##### Source data #####

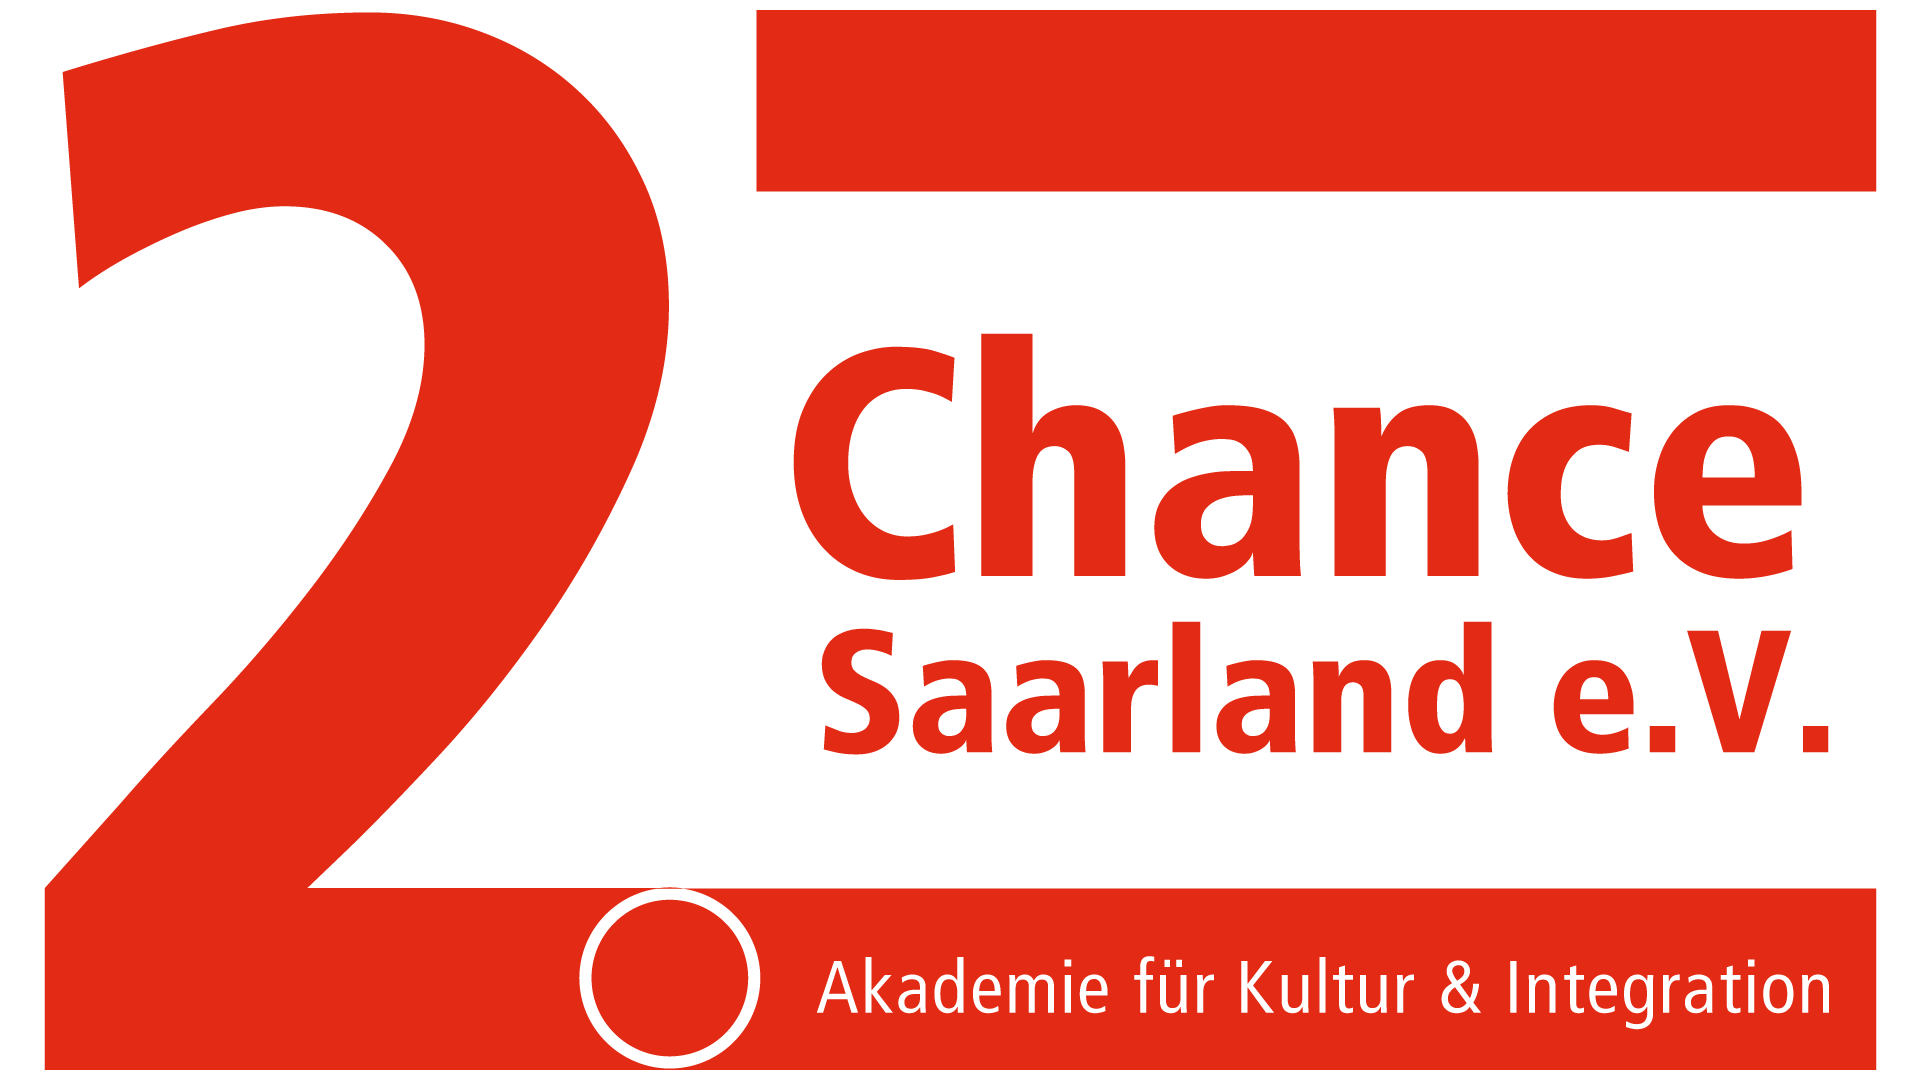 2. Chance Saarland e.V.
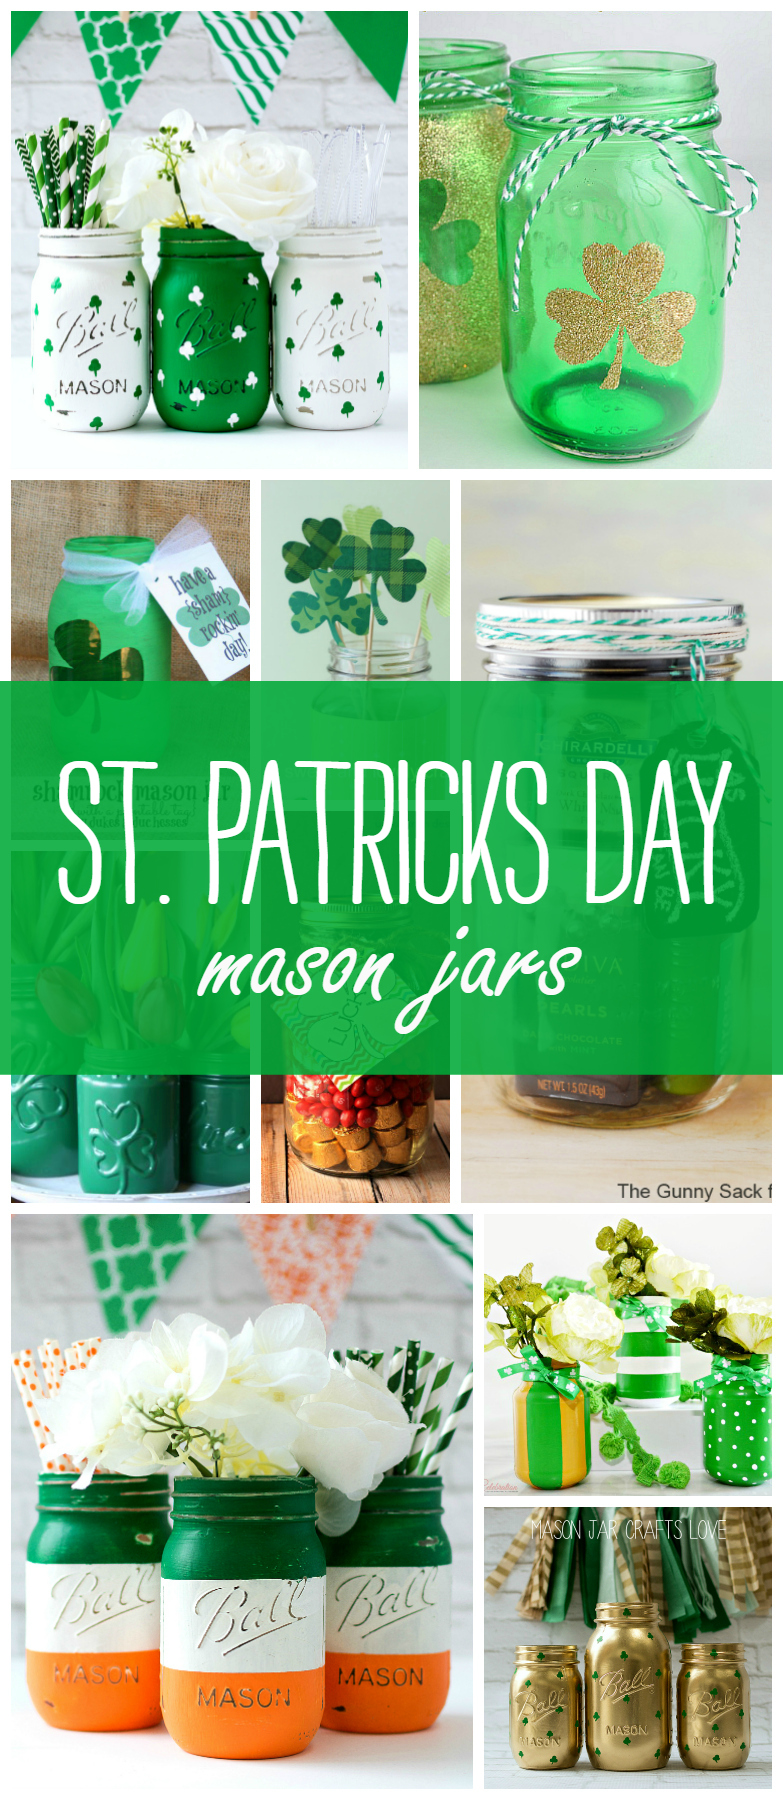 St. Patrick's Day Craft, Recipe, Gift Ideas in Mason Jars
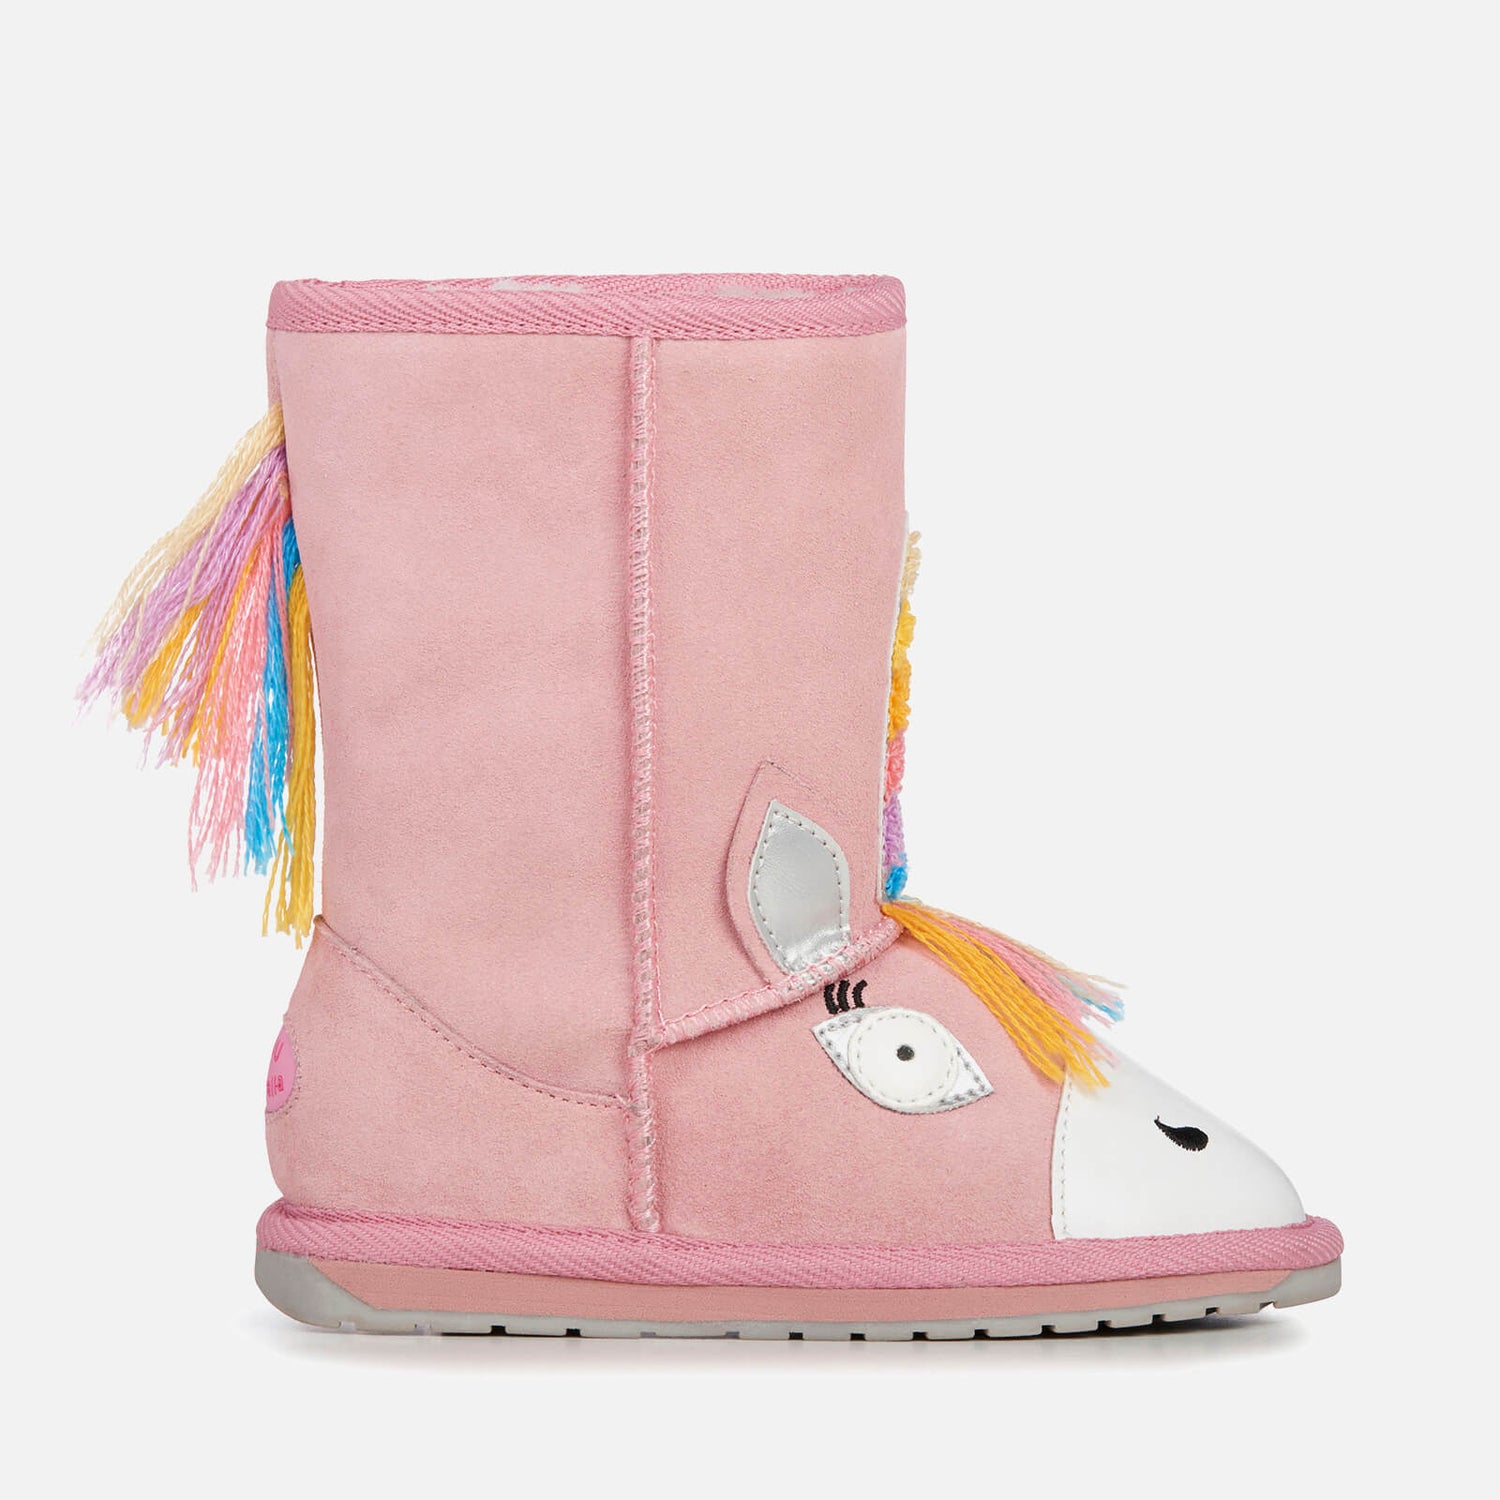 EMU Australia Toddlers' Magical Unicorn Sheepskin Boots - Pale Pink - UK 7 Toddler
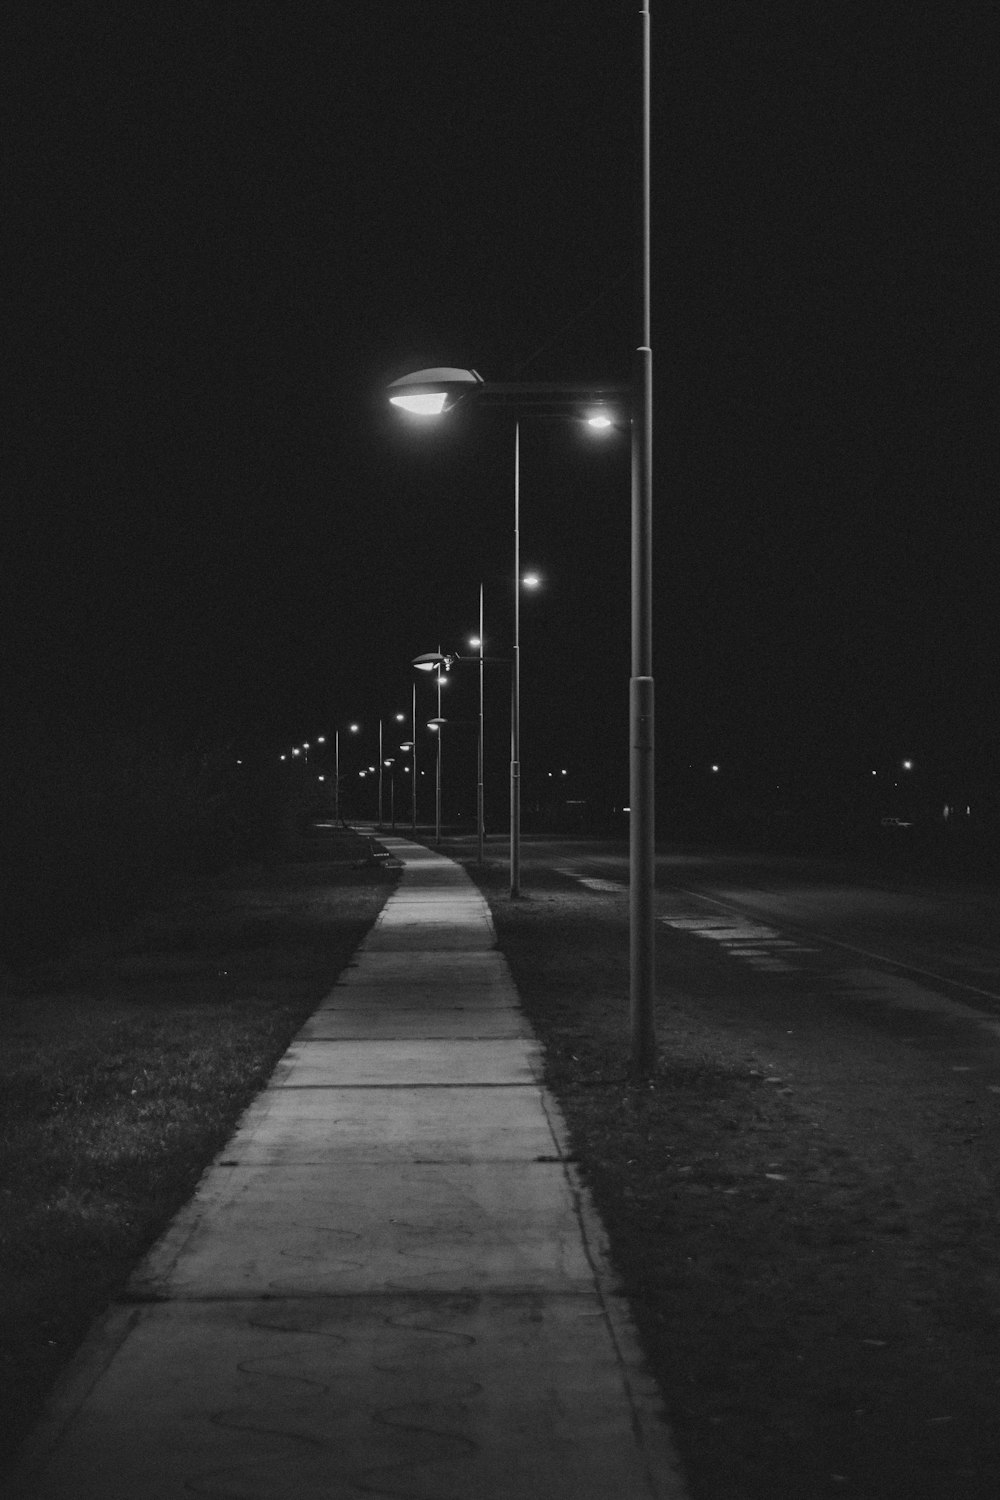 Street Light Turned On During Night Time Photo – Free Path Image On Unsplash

#####

Task description> Reproduce the whole listing above character for character; pictures do not belong in it.

Task answer>
 2. Chance Saarland e.V.
 St. Patrick's Day Craft, Recipe, Gift Ideas in Mason Jars
 EMU Australia Toddlers' Magical Unicorn Sheepskin Boots - Pale Pink - UK 7 Toddler
 Street Light Turned On During Night Time Photo – Free Path Image On Unsplash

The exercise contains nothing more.